● **What this task involves**
Below is some data. Retype exactly the lines starting at the one with "PORSCHE 914 1972 1.G Brakes Workshop Manual" and ending at the one with "A teenage soccer player kicking the ball".

● **Material for this exercise**
○ ○ ○

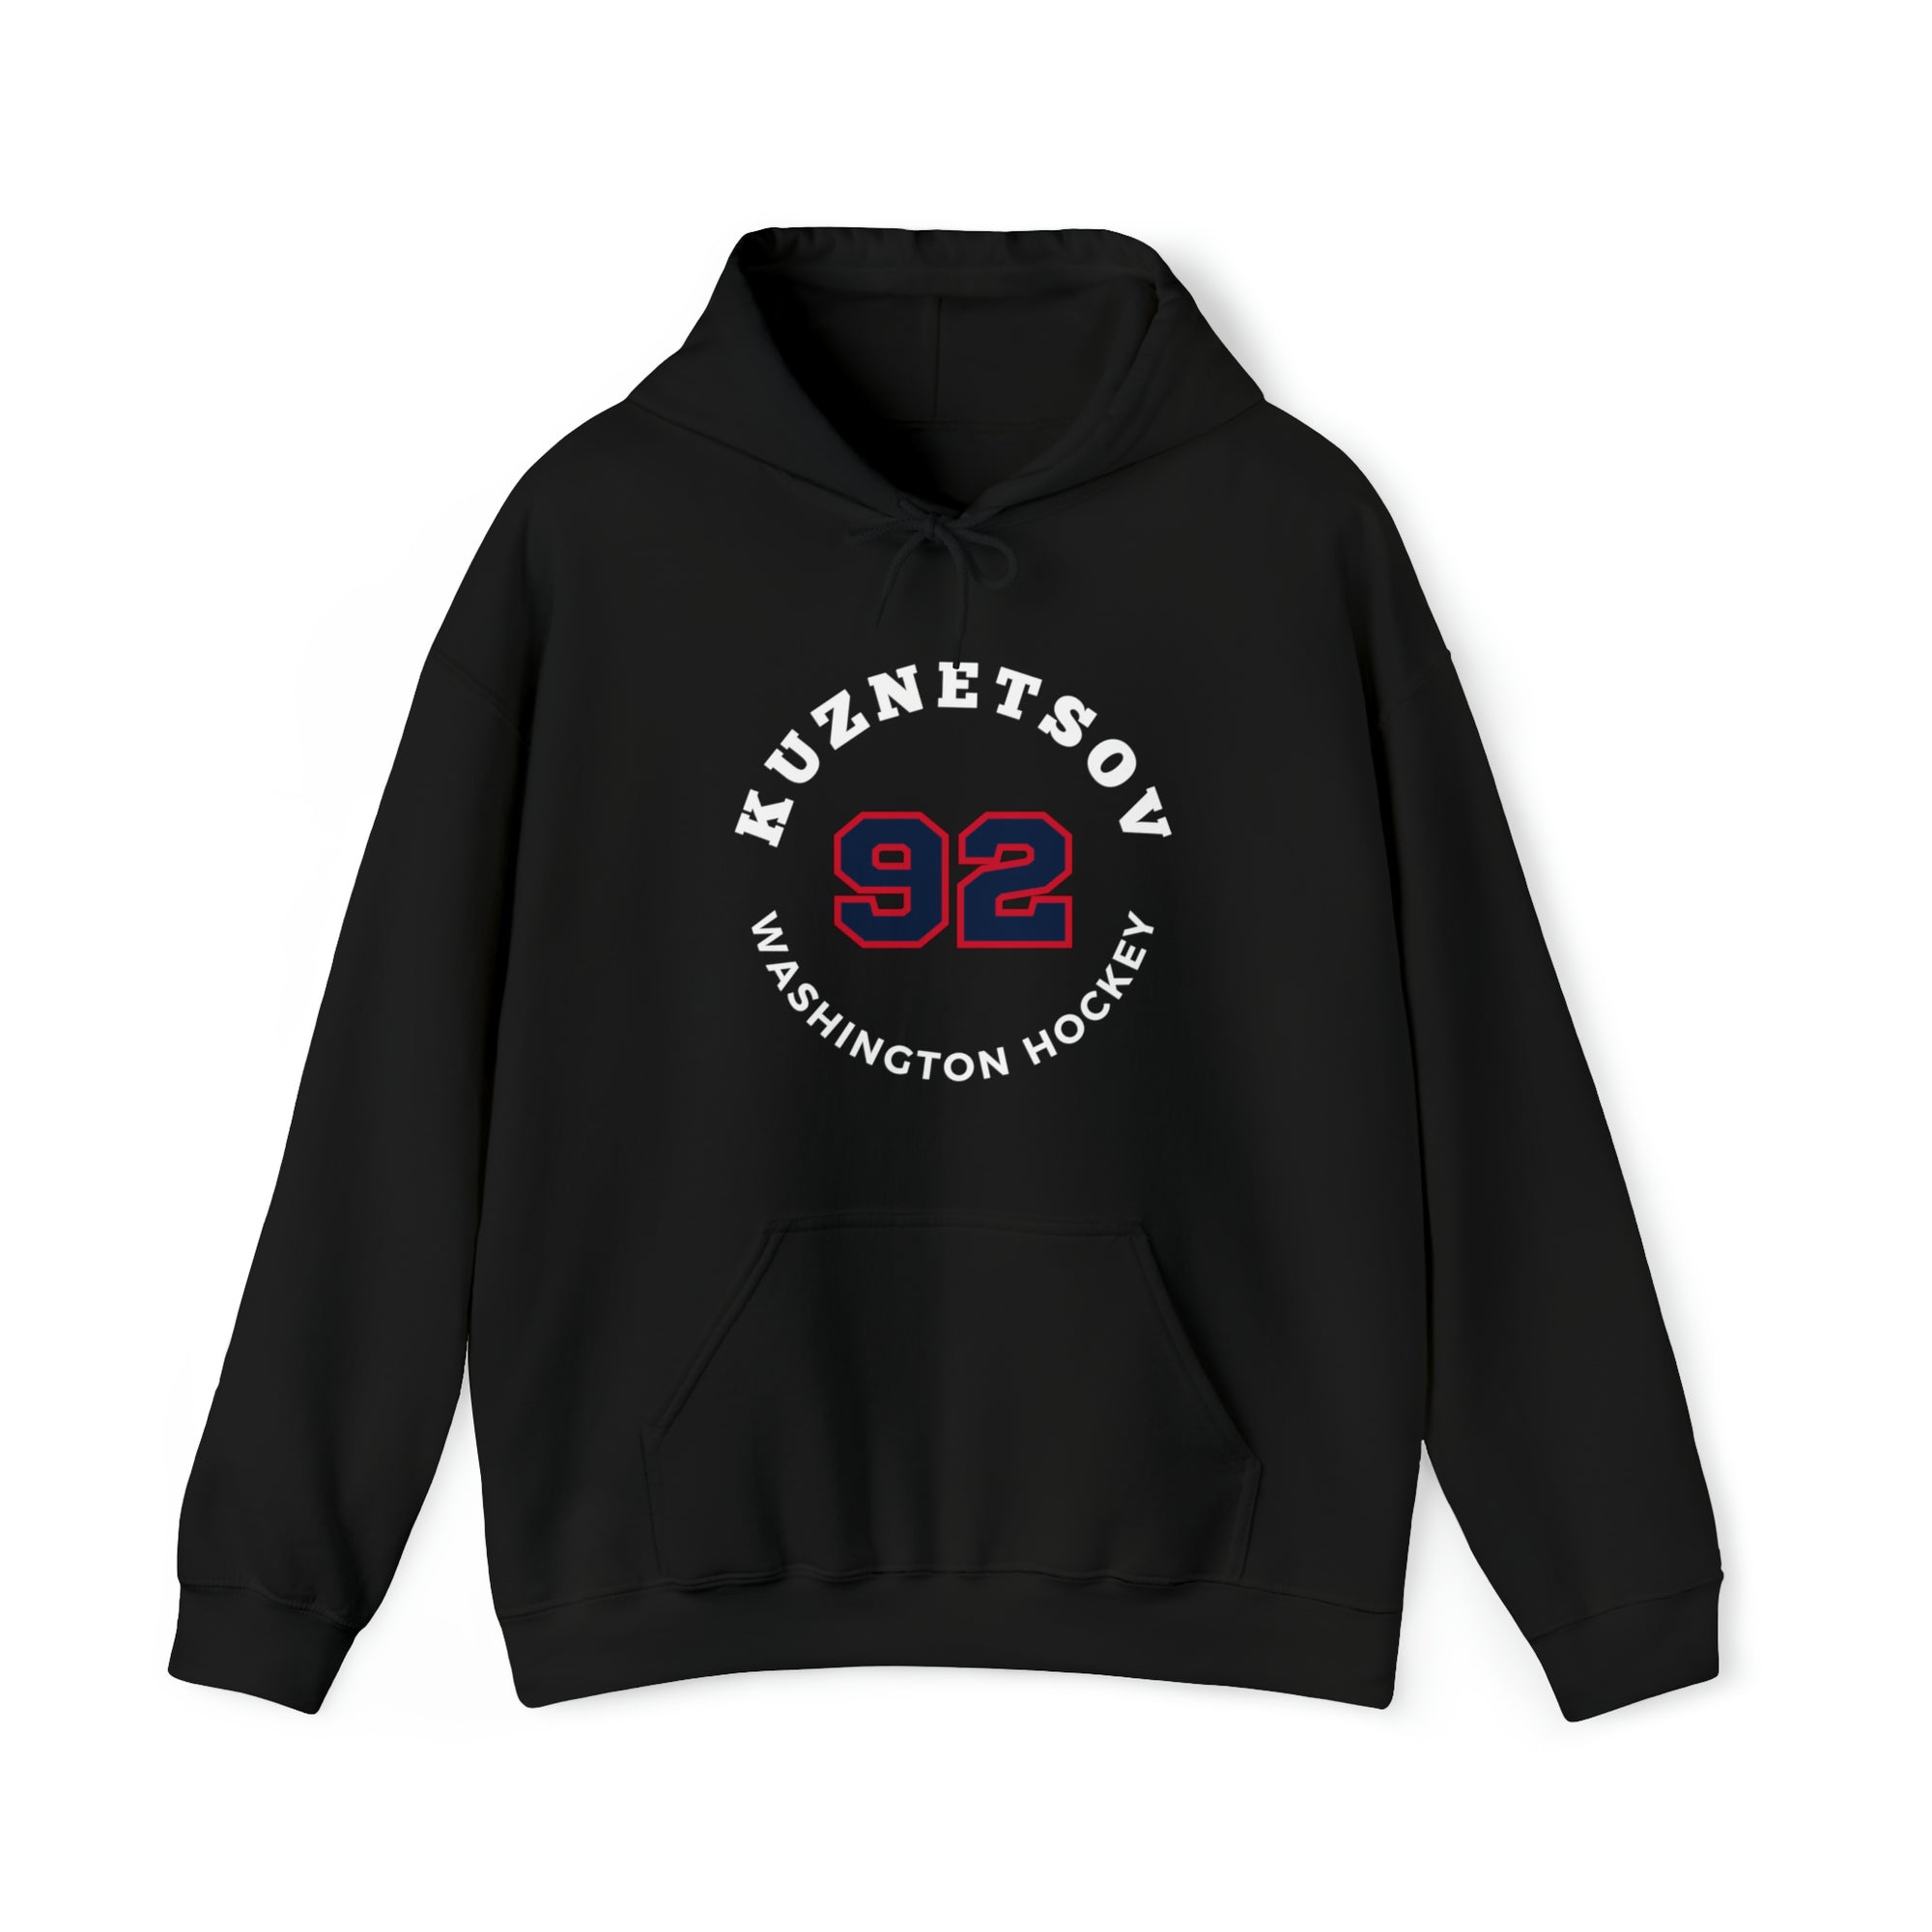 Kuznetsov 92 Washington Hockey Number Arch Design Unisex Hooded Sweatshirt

○ ○ ○

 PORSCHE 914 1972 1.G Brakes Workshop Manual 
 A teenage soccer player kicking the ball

○ ○ ○

● **Solution to this exercise**
 PORSCHE 914 1972 1.G Brakes Workshop Manual 
 A teenage soccer player kicking the ball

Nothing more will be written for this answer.